On this page, we introduce the engineering design cycle of how we developed Viruguard in chronological order. We made four rounds of improvement to Viruguard before we ultimately got a mature Viruguard product. We firstly constructed its virulence to cancer cells and then tried to shield normal cells from its virulence. Finally, an oncolytic virus, Viruguard, was produced, which had a high level of security and virulence respectively to normal cells and cancer cells.

The enginnering cycle

Synthetic biology is a subject that differs a lot from the conventional ones. In traditional life science subjects, researchers are supposed to use the scientific method to obtain accurate results, whose work mainly focused on making observations and performing experiments. However, synthetic biology goes beyond that, it is all about constructing and innovating a composite system from different parts and biobricks. Due to the distinctiveness of Synbio, an engineering cycle should be established from the beginning and undergoes continuous improvement with the results of experiments discoverd, which would finally give birth to a successful engineered product, namely a genetically engineered machine. And that was why we documented our engineering below which had helped us perfect Viruguard throughout the whole iGEM competition this year.

ViruGuard Development

Research 1: How can we use organism to kill the tumor?

In current hepatocellular carcinoma guidelines, traditional treatment including surgery, chemotherapy, and radiotherapy are still recommended more often than novel treatment. These methods directly eliminate or shrink the tumor in situ, and even with the development of medicine, limited changes could be made to these conventional therapies in a short term. In synthetic biology, however, we can engineer organisms according to our exact needs, which in this case, means HCC treatment. Thus, we set out to explore the appropriate viruses that possess the ability to infect cells and prokaryotic bacteria, which are widely used in synthetic biology, and could make it easier to conduct following experiments.

Imagine 1: Which type of organism is better for the project?

At the very first, we couldn't make our mind on what kind of virus to choose as our chassis organism.

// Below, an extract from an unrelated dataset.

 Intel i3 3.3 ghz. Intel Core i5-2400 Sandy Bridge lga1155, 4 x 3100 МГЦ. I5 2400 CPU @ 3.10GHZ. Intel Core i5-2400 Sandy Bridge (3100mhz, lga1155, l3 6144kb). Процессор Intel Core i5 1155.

Generally, we focused on the most normally used organism, Escherichia Coli, to be the possible chassis organism. As it has already been deeply and widely studied before, it might be easy for us to conduct transformation on the bacteria, and shape it according to our expectations. Besides, as E.coli couldn't infect human cells directly, the risk of safety incidence is relatively low. However, several problems had made us give up the idea. The difficulty of turning it into a eukaryon-infectable type of bacteria and the uncertainty of whether the procaryotic gene can function in the eukaryotes were the most challenging problems that we were incapable to solve.

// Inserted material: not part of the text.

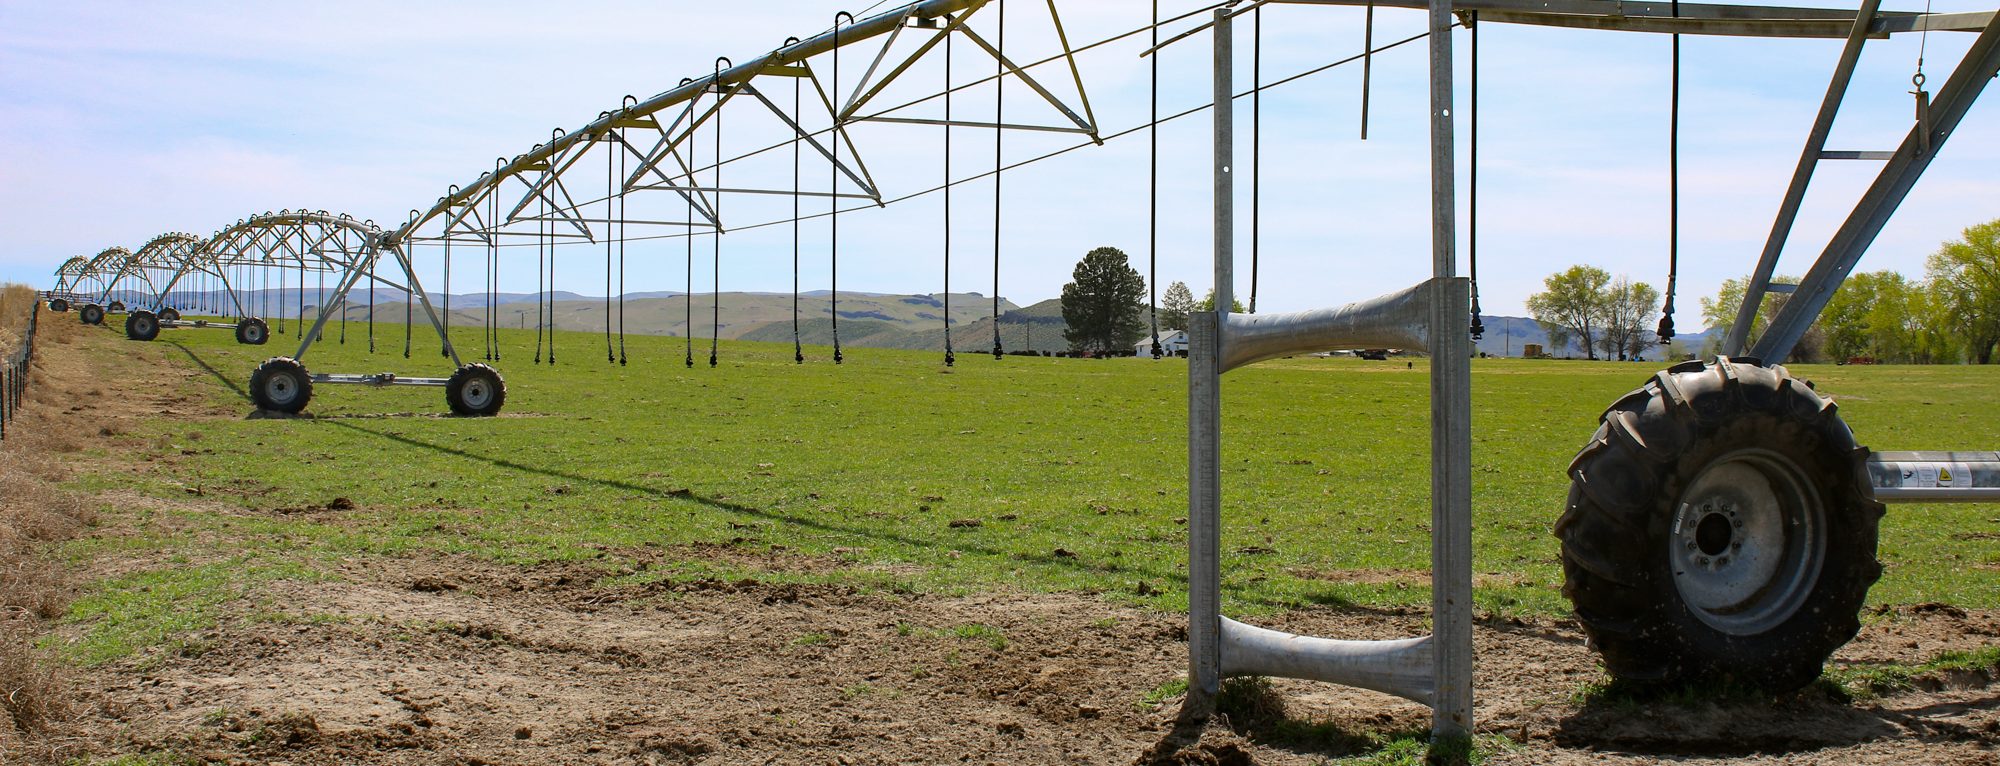 Irrigation pivot at Homedale Alfalfa Farm

Therefore, we broadened our vision and put the attention to the virus. Because of its natural characteristics, the viral gene could express in human cells, and there have already been some literature supporting the feasibility of virus treatment. Nevertheless, in previous studies, although researchers have extracted virus strains with relatively weak toxicity, current virus treatment still could pose grievous threats to animal models in experiments or patients in the clinical trials. So this is the first problem that we need to work out.

Design 1: How can we ensure Viruguard to kill cancer cells in a safe way?

The main focus of our design is on keeping the virulence of virus to kill malignant cells in a safe way. We had thought of making our mechanism in a trascriptional, translational or epigenetical level and finally we determined that the best solution of problem is using a peculiar promoter to regulate the expression of gene-targeting siRNA. After we had a deeper understanding to the RNAi mechanism, we noticed that it would not be functional if we merely tried to express the siRNA sequence. Thus, we expressed the shRNAs in the cells which would further be processed into the mature siRNAs.
Here are some results of function test of our designed shRNAs. From BBa_K3730023 to BBa_K3730030, they are all our shRNA primers used for RNAi killing mechanism.

BBa_K3730023 BBa_K3730024

BBa_K3730025 BBa_K3730026

Fig.1 Two targeting gene for tumor survival suppressing.Left: hTERT, human transcriptase gene; Right: VEGFA, vascular endothelial growth factor A[1].

To guarantee the security of our design, we decided to use tumor specific promoter to regulate the transcription of our designed shRNA sequence. We chose phTERT and psurvivin as the promoter to shoulder this responsibility because they have significant activity difference in the normal and cancer cells.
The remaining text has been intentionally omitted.